Bakterien eignen sich gut dafür, viel Protein zu produzieren. Sie lassen sich recht einfach und schnell kultivieren. „Einfach so“ vermehren sie sich allerdings auch nicht, es sind immer Nährstoffe nötig.
Wie du vielleicht weißt, ist ein Gen in der Regel der Bauplan für ein bestimmtes Protein. Gelingt es also, das Gen für mein gewünschtes Protein in ein Bakterium einzuschleusen und das Bakterium zu „überreden“, quasi auf Knopfdruck das Gen einzuschalten, kann ich große Mengen des Proteins produzieren.
Das Gen kann aus unterschiedlichsten Quellen stammen, lass es in unserem Beispiel ein anderes Bakterium sein, wie wär’s mit „Bacillus weberulensis“? Man isoliert zunächst die DNA daraus, indem man die Zellen öffnet (chemisch oder physikalisch, z.B. mit Ultraschall) und die DNA aufreinigt. Dann vervielfältigt man das Weberulin-Gen mit Hilfe der „Polymerase-Kettenreaktion“ (PCR). Dabei kann man an beiden Enden spezielle Gensequenzen zusätzlich anbringen. Diese Sequenzen enthalten Erkennungsmuster für sogenannte Restriktionsenzyme. Das sind in unserem Werkzeugkasten die Scheren, davon gibt es einen Haufen verschiedene, die alle unterschiedliche Gensequenzen erkennen, meistens mit einer Länge von sechs Nukleotiden. Wir schneiden also an beiden Enden diese Sequenzen auf. DNA ist ein Doppelstrang und am praktischsten ist es, wenn dieser Doppelstrang nicht einfach glatt abgeschnitten wird, sondern mit einem überhängenden Ende. Und genau das machen viele dieser Schneide-Enzyme. Das sieht dann z.B. so aus:
—GAATTC---------GAATTC— --> AATTC---------G
—CTTAAG---------CTTAAG— --> G---------CTTAA
In der Regel ist die DNA dazwischen natürlich ein bisschen länger.
Jetzt brauchen wir das von dir schon erwähnte Plasmid. Plasmide sind sozusagen die „Plugins“ von Bakterien. Ein zirkulärer Strang von DNA, der zusätzlich zur genomischen DNA (die jede Zelle haben muss) vorliegen kann und das Bakterium mit Zusatzfunktionen ausstatten kann, z.B. Resistenz gegenüber bestimmten Antibiotika. Plasmide kann ebenfalls aus Zellen isolieren indem man die Bakterien öffnet und die DNA reinigt. DNA unterscheidet sich in ihren Eigenschaften von anderen Zellbestandteilen, dadurch kann man sie vom Rest trennen.

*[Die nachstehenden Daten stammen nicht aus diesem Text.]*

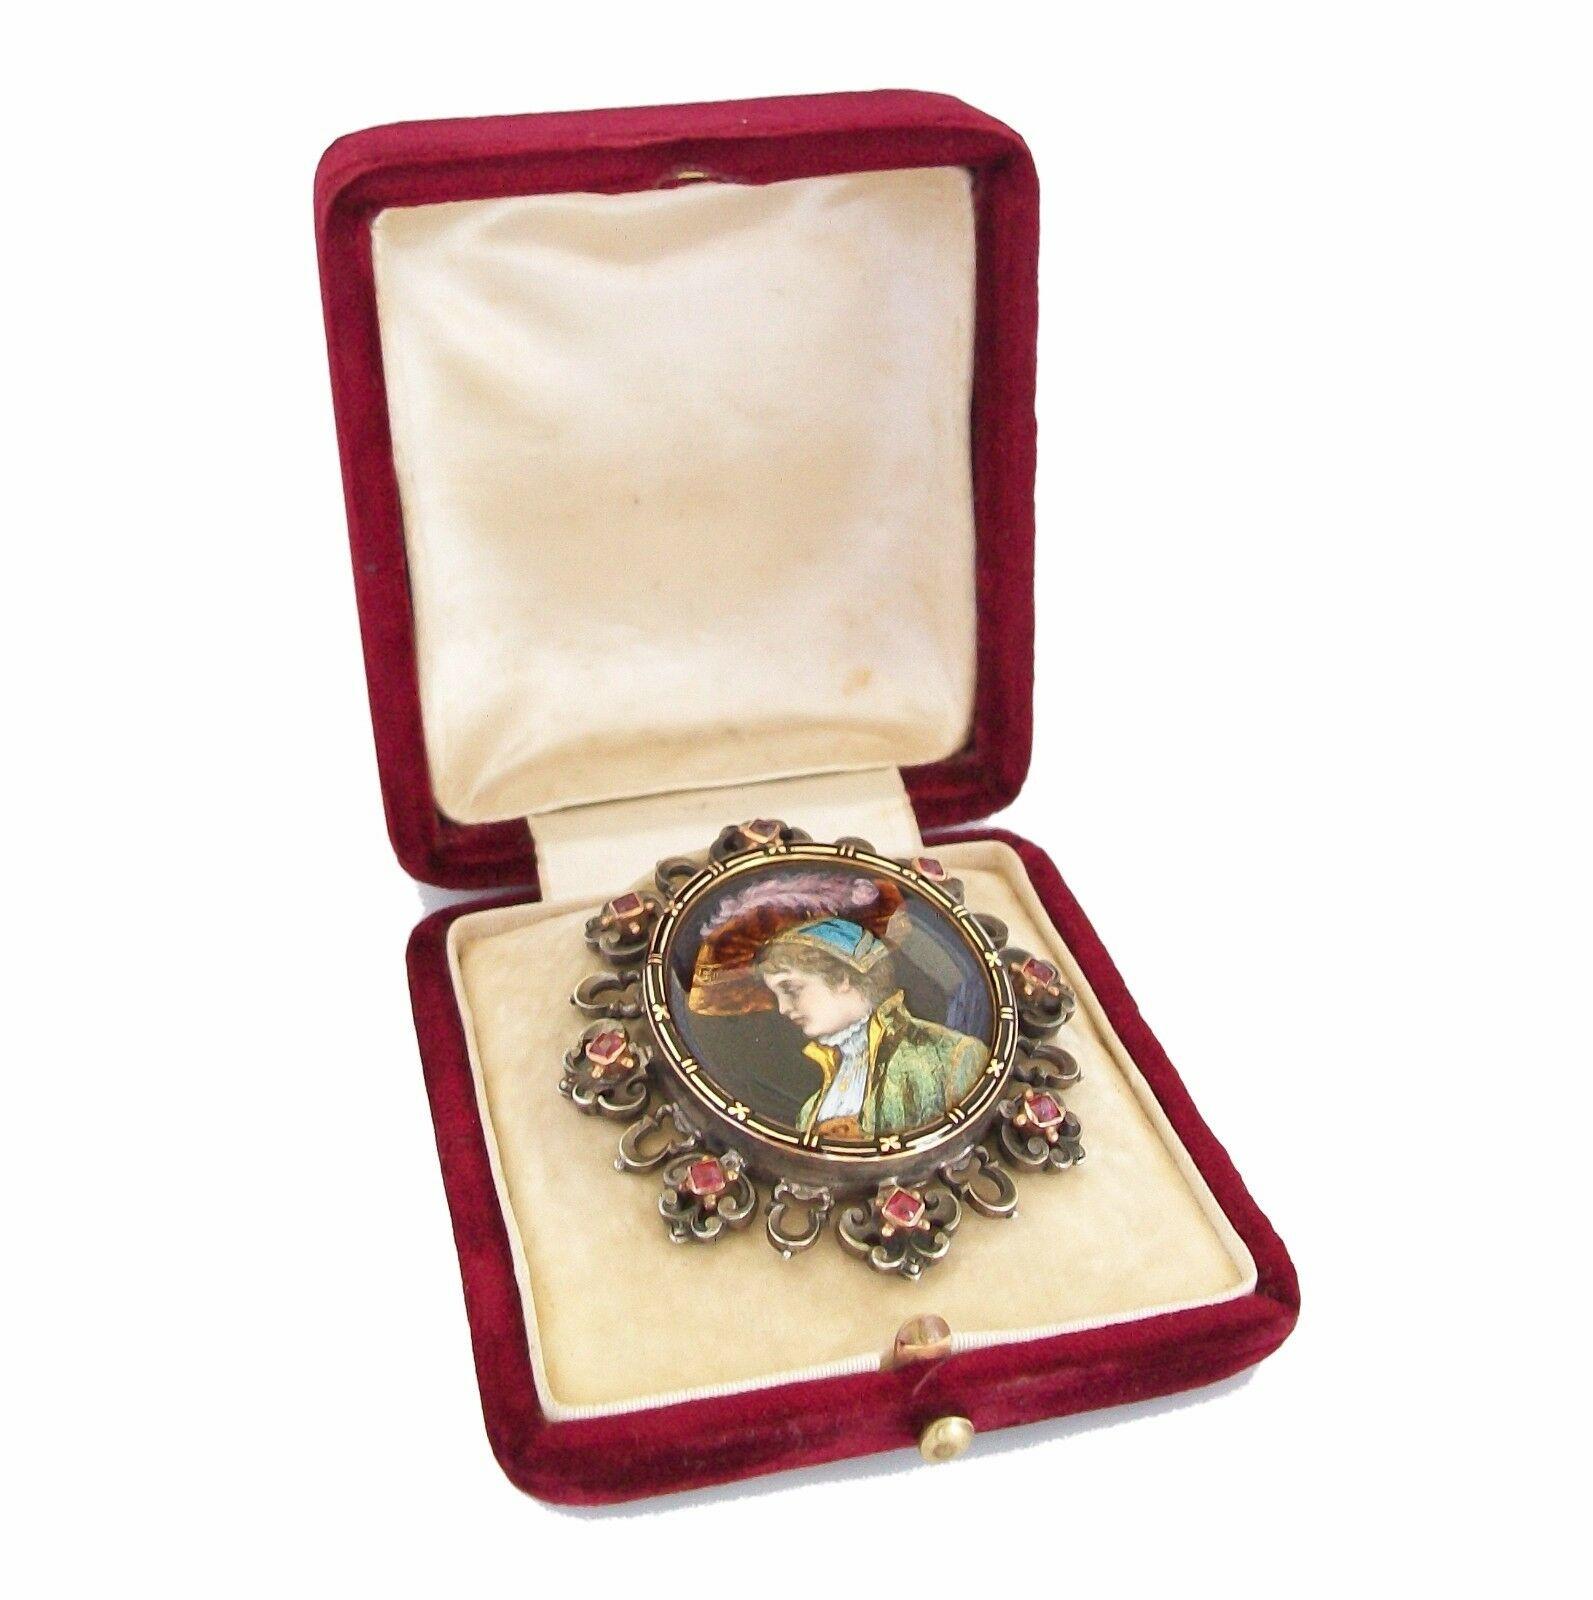 Round Cut Renaissance Revival Limoges Enamel Brooch, Rubellite, Gold & Silver, C. 1892 For Sale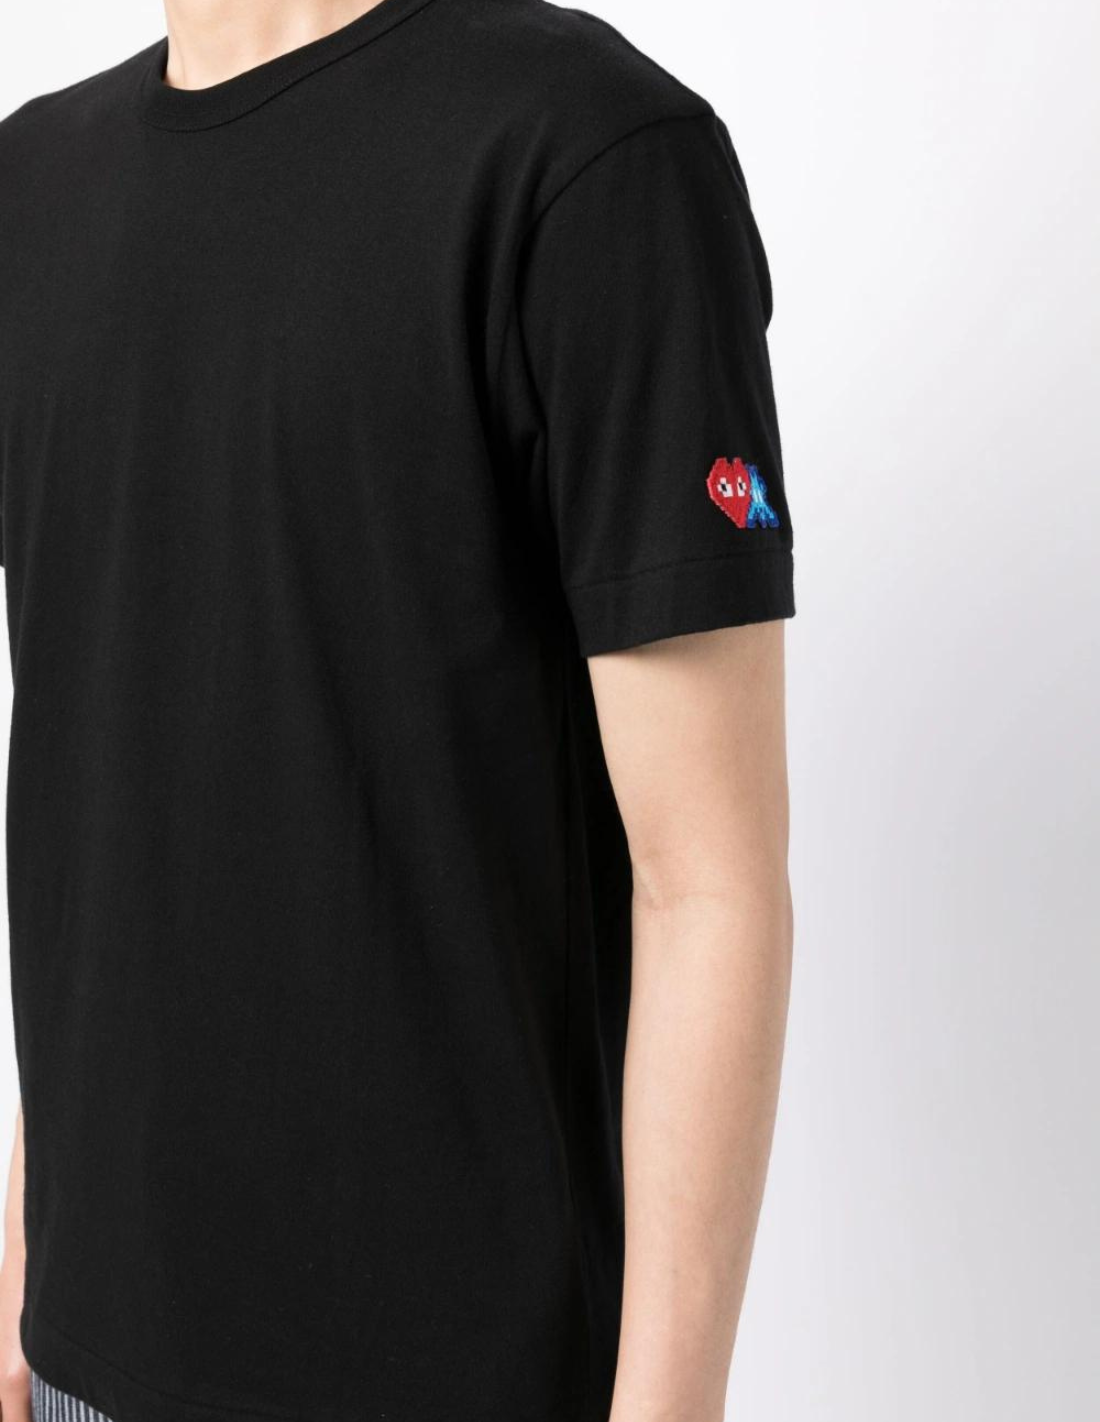 Comme des Garçons Play | Men's Navy Logo T-Shirt L

Dieses Plasmid schneiden wir mit den gleichen Restriktionsenzymen wie unser Protein.
…------G AATTC-----…
…------CTTAA G-----…
Wo die Punkte sind, geht das Plasmid weiter und da es kreisförmig ist, haben wir jetzt einen an einer Stelle aufgeschnittenen Kreis.
Da sich immer C mit G und T mit A im DNA-Doppestrang gegenseitig anziehen, werden diese Enden auch „klebrige Enden“ genannt. Bringt man jetzt die geschnittene Weberulin-DNA und das Plasmid zusammen, finden sich automatisch diese überhängenden Enden. Der Doppelstrang hat aber auf beiden Seiten immer noch eine Unterbrechung, dafür brauchen wir aus unserem Werkzeugkasten den Kleber, der nennt sich „Ligase“.
Um dieses Plasmid jetzt in unser Zielbakterium zu bekommen (das Haustierchen der Gentechniker is Escherichia coli), muss man es „transformieren“. Das kann man z.B. chemisch machen oder mit einem elektrischen Puls. Ziel ist, die Zellwand durchlässig zu machen, so dass das Plasmid hineinwandern kann. Das klappt mal mehr mal weniger effizient.
Im Normalfall ist auf dem Plasmid daher nicht nur die Sequenz für das Zielprotein enthalten, sondern auch ein Resistenzgen für ein bestimmtes Antibiotikum. Lasse ich dann die frisch transformierten Zellen auf Medium wachsen, dass dieses Antibiotikum enthält, können nur die überleben, die ein Plasmid abgekriegt haben.
Diese Zellen kann man dann vermehren, in immer größeren Gefäßen bis hin zu riesigen Bioreaktoren.
Das ganze ist natürlich noch ein wenig komplexer, so kann man z.B. die Produktion des „Weberulins“ gezielt starten durch Zugabe sogenannter Induktoren.
Menschliches Erbgut wird man auf diese Weise übrigens nicht verändern. Dafür eignen sich Bakterien schlicht nicht. Theoretisch ginge es mit Viren, aber von einer wirklichen „Gentherapie“ sind wir noch ein gutes Stück entfernt.
Ich lasse mal noch ein paar Fragen für andere offen, der Text ist ohnehin schon zu lang.